International Journal of Computer Applications |
Foundation of Computer Science (FCS), NY, USA |
Volume 46 - Number 8 |
Year of Publication: 2012 |
Authors: El Sayed Abdel Wahed, Ibrahim Al Emam, Amr Badr |
10.5120/6928-9371 |
El Sayed Abdel Wahed, Ibrahim Al Emam, Amr Badr . Feature Selection for Cancer Classification: An SVM based Approach. International Journal of Computer Applications. 46, 8 ( May 2012), 20-26. DOI=10.5120/6928-9371
Cancer is an immense problem facing Egypt and a notorious human being killer.
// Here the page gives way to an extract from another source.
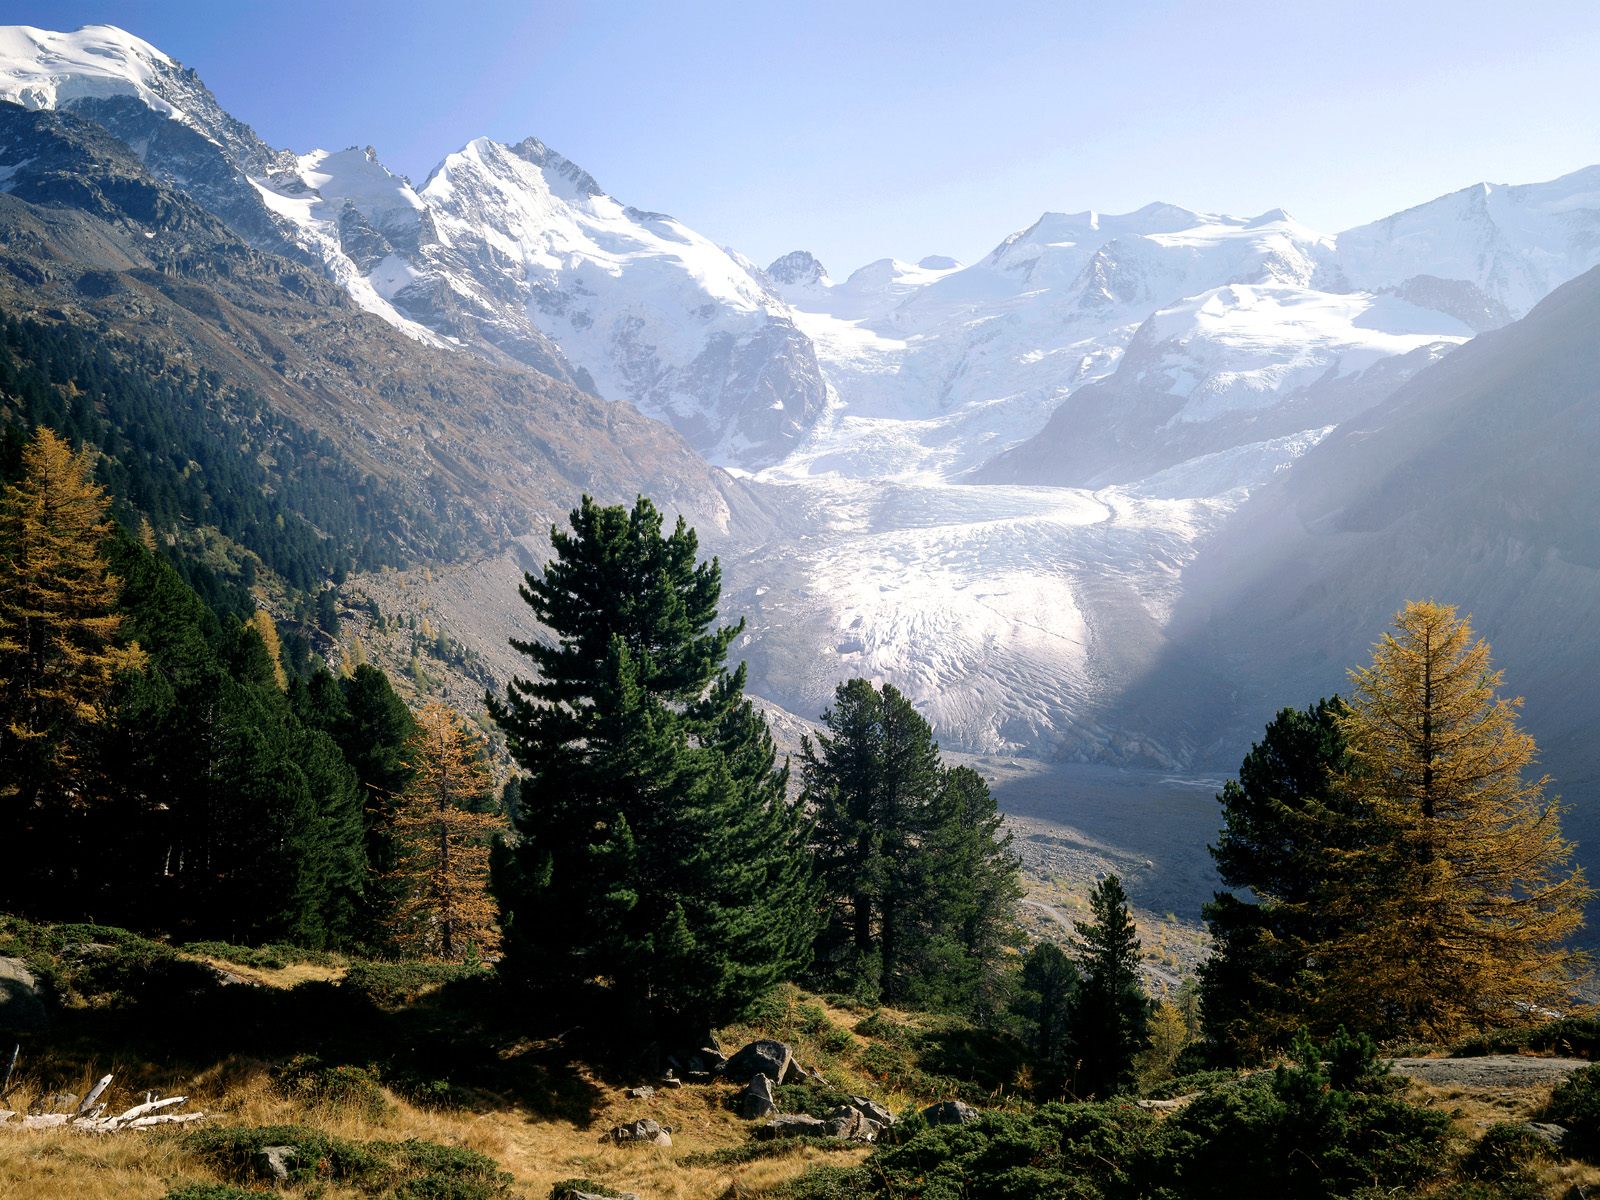 Glacier in Switzerland - A stunning view of snowy mountains in the Swiss Alps.

The magnitude of the disease remains unknown. In fact, it is a significant health problem in many other developing countries. The burden of such a predicament will eventually diminish by better diagnosis and classification. Classification is a machine learning technique used to predict the correlation between data samples and classes. There are several classification techniques, among which are: Support Vector Machine (SVM), K-Nearest Neighbor (k-NN) and Naive Bayes (NB) Classifier. Feature Selection for the classification of cancer data means discovering feature values and profiles of diseased and healthy samples. It also means using this knowledge to predict the state of new samples. In this paper, we have proposed an approach for feature selection based on using SVM in three different ways. First, using SVM as a classifier to build a model based on the training data. The purpose is to measure the accuracy of the model in predicting the category of the test data compared with other classifiers. Second, using SVM as a learner, where data is clustered via K-Means into 3, 4 and 5 clusters. Different classifiers are then applied to the clustered data such as SVM, K-NN and NB. A number of 2 validation methods are used to help predict the accuracy of each classifier. These methods are: the 10-Fold Cross Validation (CV) and the Leave-One-Out. Third, using SVM for feature weighting, by predicting feature importance relative to a target class. The experimental results show that SVM classifier presents best accuracy as a classifier, a learner, and a feature weighting method compared with other classifiers used in this study.